Most research metrics come in the form of quantitative measurements. Many well-known metrics are citation-based, from citation counts and percentiles, Field-Weighted Citation Impact (FWCI), the h-index, and the Journal Impact Factor (JIF); beyond these, metrics might include anything from views, downloads, mentions, or sales, to collaboration metrics or research grant income.

Problems with the use of metrics arise when these quantitative metrics are used as a proxy for measuring something more complex and qualitative, such as the overall calibre of a researcher or a research output. Qualitative metrics can also be biased or manipulated, particularly if too much emphasis is placed on specific metrics as evaluation criteria.

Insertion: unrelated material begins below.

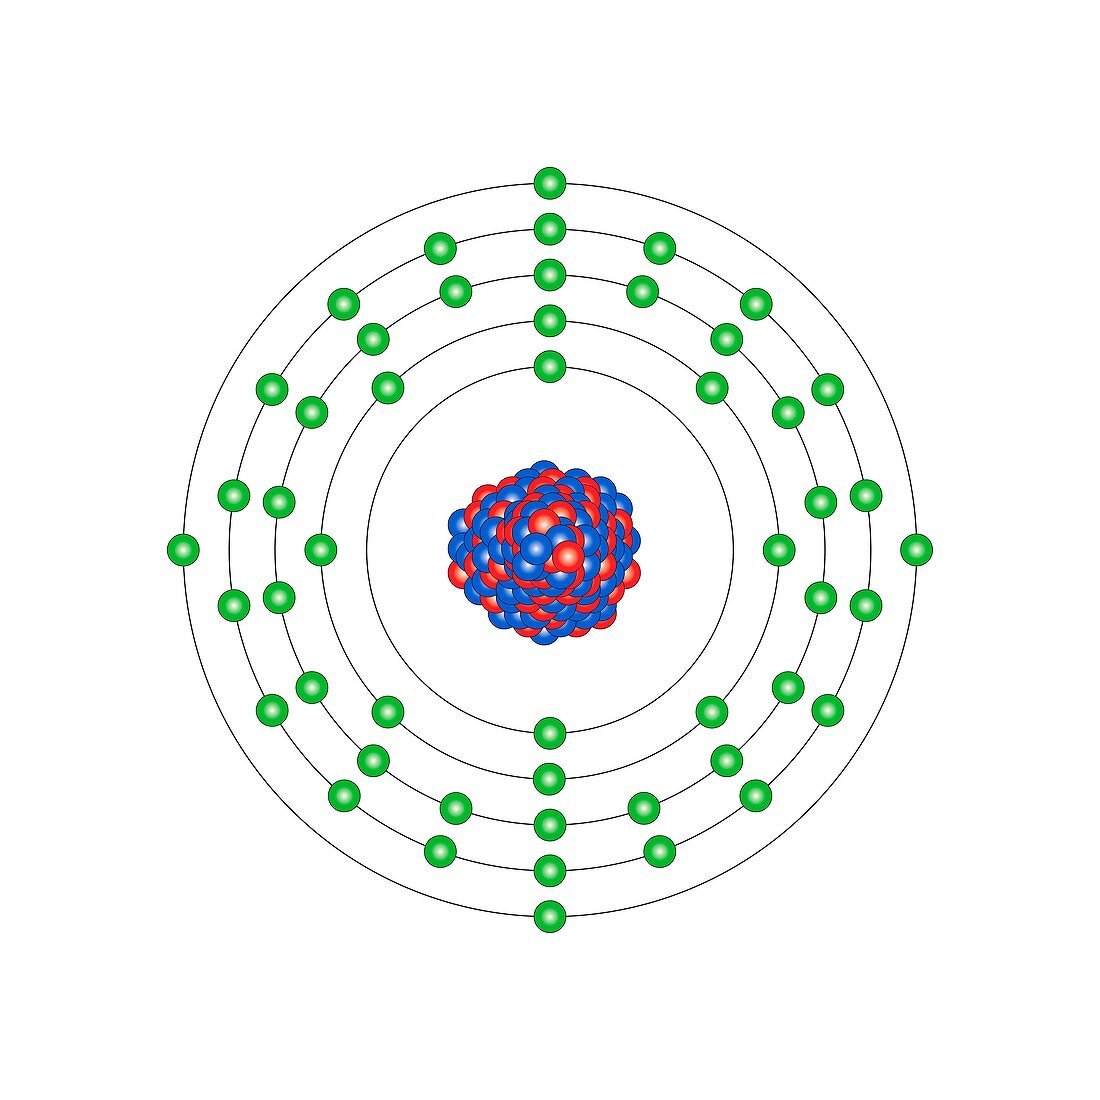 Tin,atomic structure

Responsible metrics is a movement which advocates for the ethical, appropriate use of numerical metrics when evaluating research. The idea is not to do away with quantitative metrics, but rather to ensure that they are used in appropriate situations, applied alongside qualitative information wherever possible, and that they are not used as inadequate proxies or arbitrary measures.

 

What’s so bad about quantitative metrics?

Quantitative metrics are not inherently ‘bad’. The problems arise when these metrics are used badly.

Citation metrics, for example, measure exactly what they set out to measure (within the parameters of the available data). They indicate how many citations were received by an output or group of outputs within a certain period of time; this measurement may be weighted, expressed as a percentile, or calculated in relation to another metric. These data certainly tell a part of a research output’s story, and they can be useful. They do not, however, tell the whole story: a high volume of citations does not guarantee that a piece of research is of high quality, nor vice versa. It is therefore not the metrics that are the problem, but rather the assumptions which are made about what these metrics can sufficiently ‘measure’.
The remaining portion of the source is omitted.